The valuation of your property is determined by analyzing sales information of similar homes in your area.


Based on that analysis, your property receives an assessed valuation of 10% of its estimated property value. For example, an estimated property value of $100,000 would calculate to an assessed value of $10,000.

Taxable property is divided into two classes. Real property includes land and all buildings, structures, improvement to the land, and mobile homes. Personal property includes machinery and equipment, fixtures, furniture, and other items that are movable in nature and utilized in a business.


Household goods, vehicles licensed to operate on public highways, and personal effects are exempt from property taxation.

Tax Rates Explained

Tax rates are based on millages, bond issues, and fees that have been voted by registered voters in the various districts which have been established by the Legislature or Constitution.


The tax monies collected for the district go to pay for schools, roads, law enforcement, fire protection, and other services that the taxpayers demand and desire from local government.


To calculate the taxes on your property, you must take the assessed value, which is a percentage of "fair market value", and multiply it by the appropriate tax or millage rate to arrive at the amount due.

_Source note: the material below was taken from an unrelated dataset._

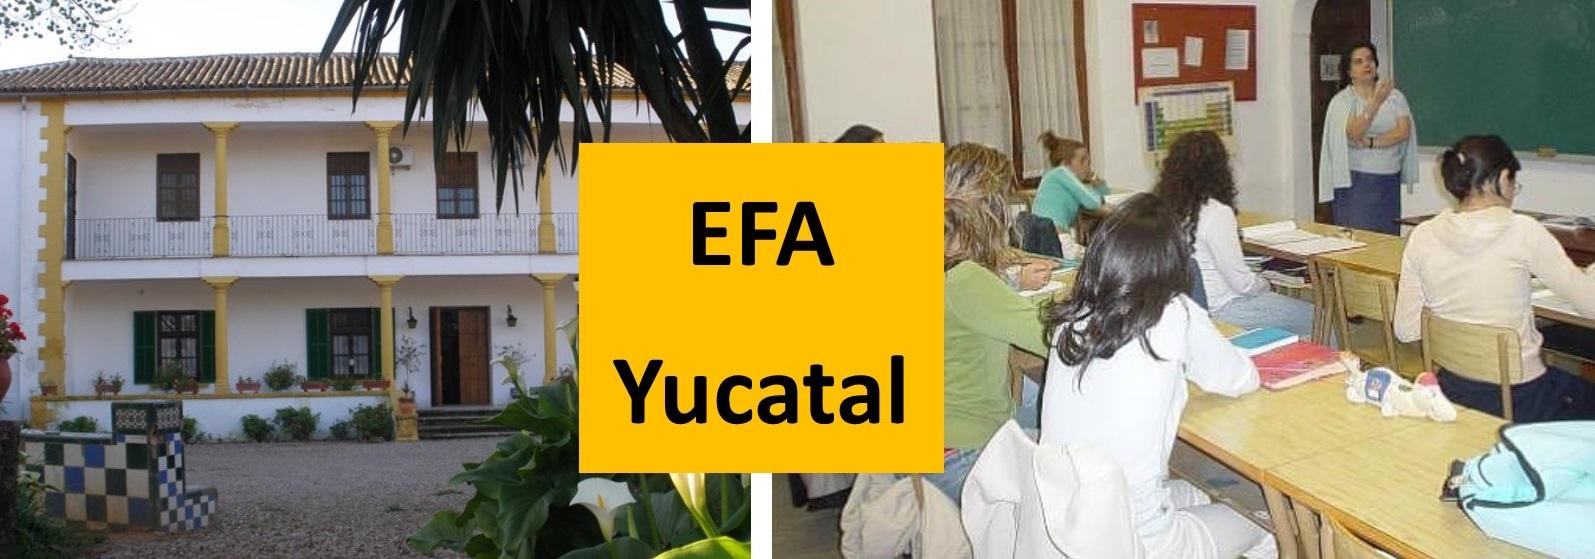 yucatal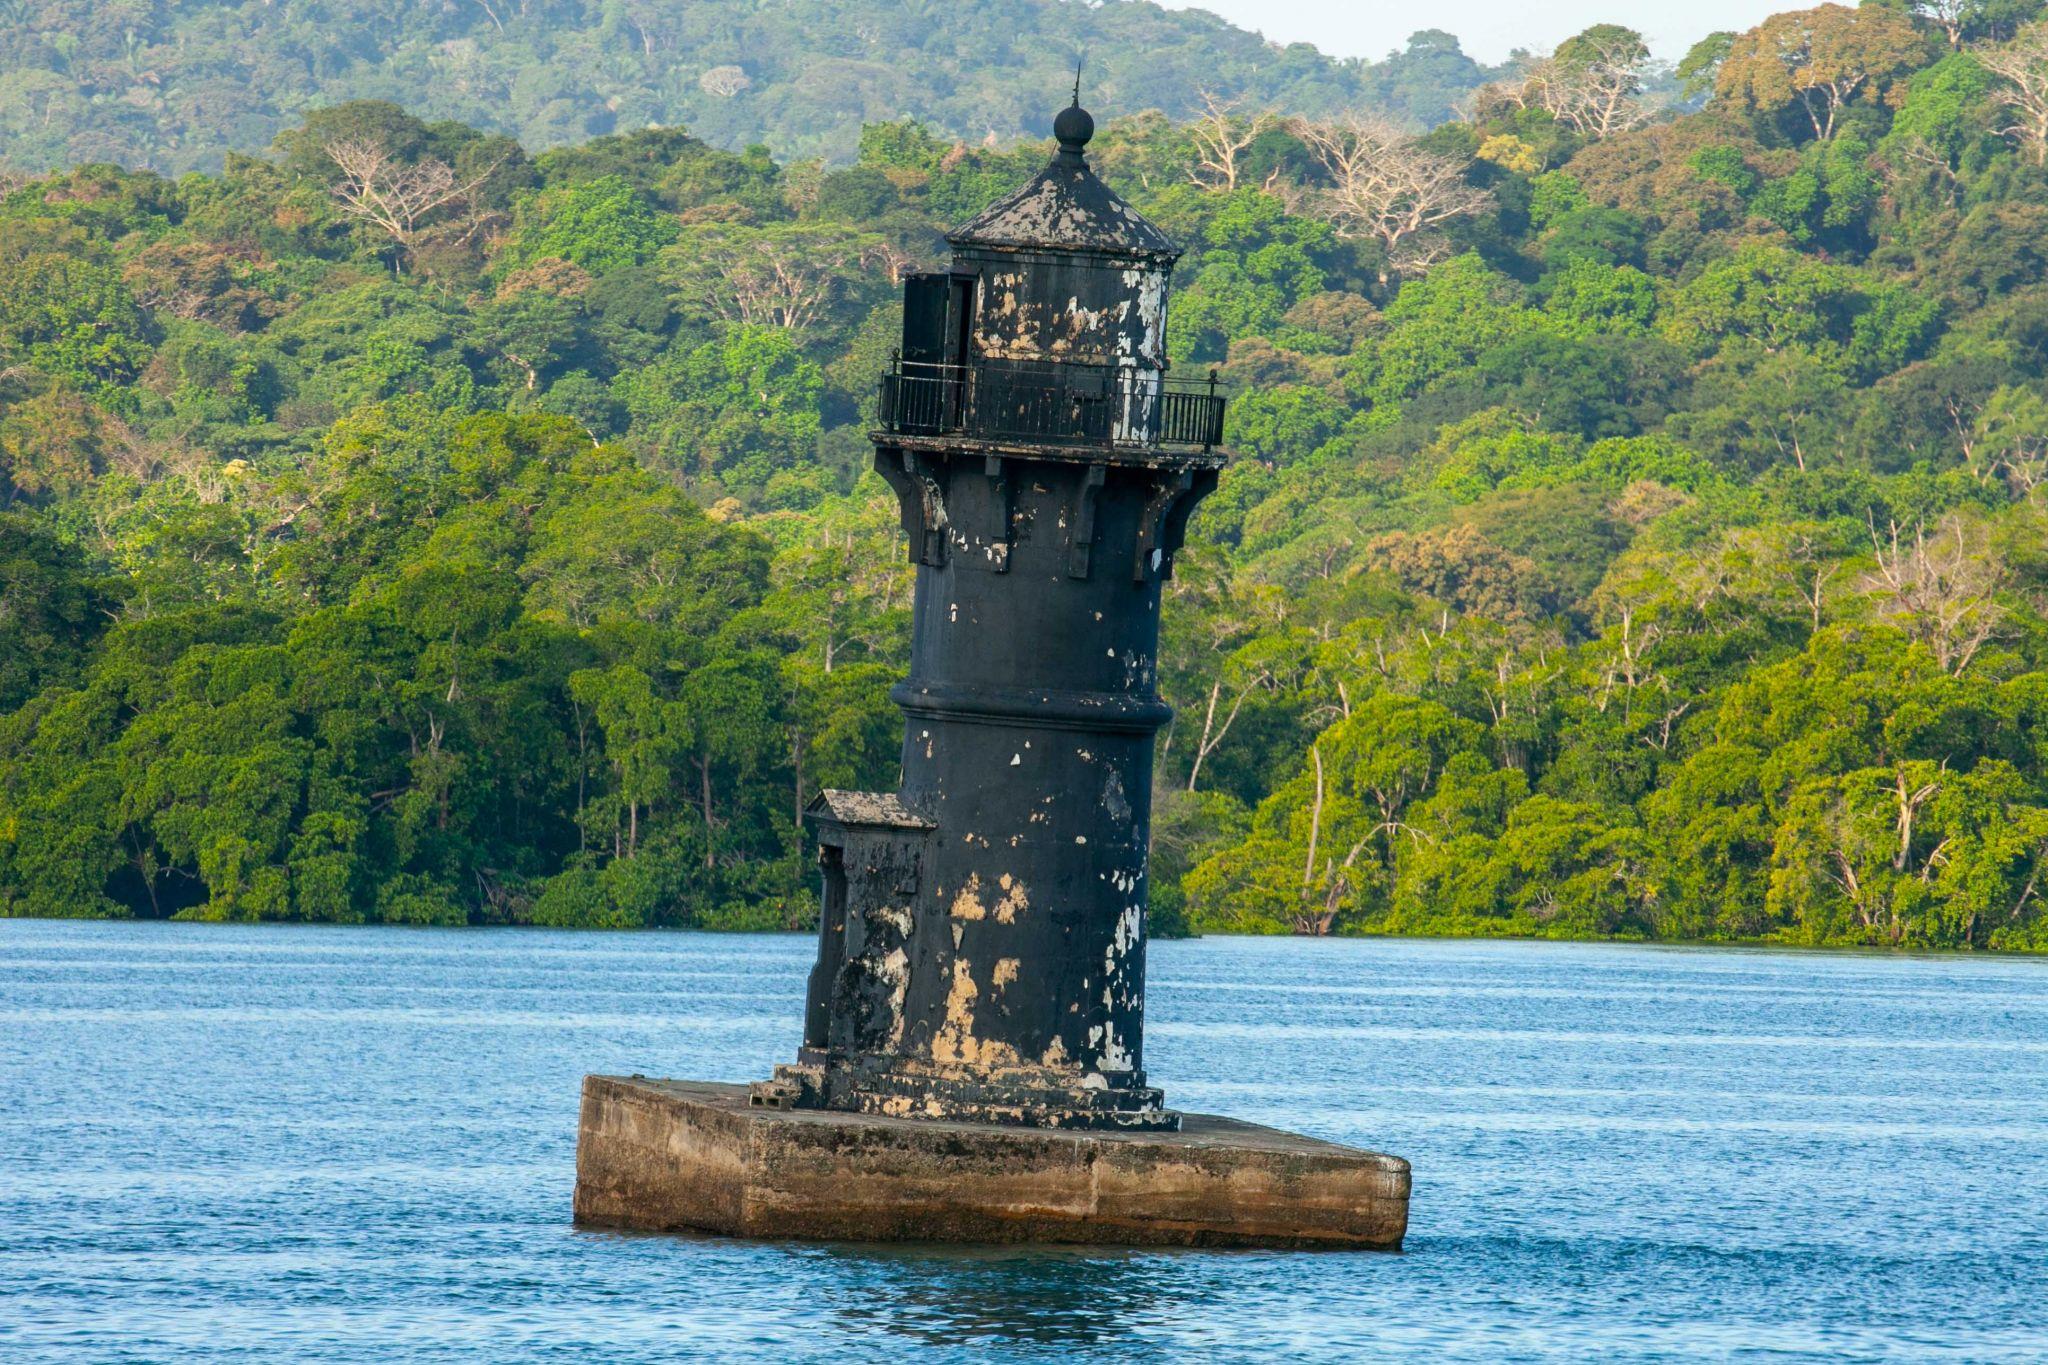 Old Lighthouse on the Panama Canal, Panama

If, as an example you have $1000 of taxable assessed value and the tax rate is 120 mills, you would pay $1000 x .120 = $120 in taxes. If your home is valued at $100,000 and you are eligible and have signed for homestead exemption, you would calculate your taxes as follows:

$ 10,000 (Assessed Value)

-$  7,500 (Maximum Homestead Exemption)


$ 2,500 (Taxable Value)

x 0.120 (Parish Tax Rate)


$    300 (Total Parish Taxes Due)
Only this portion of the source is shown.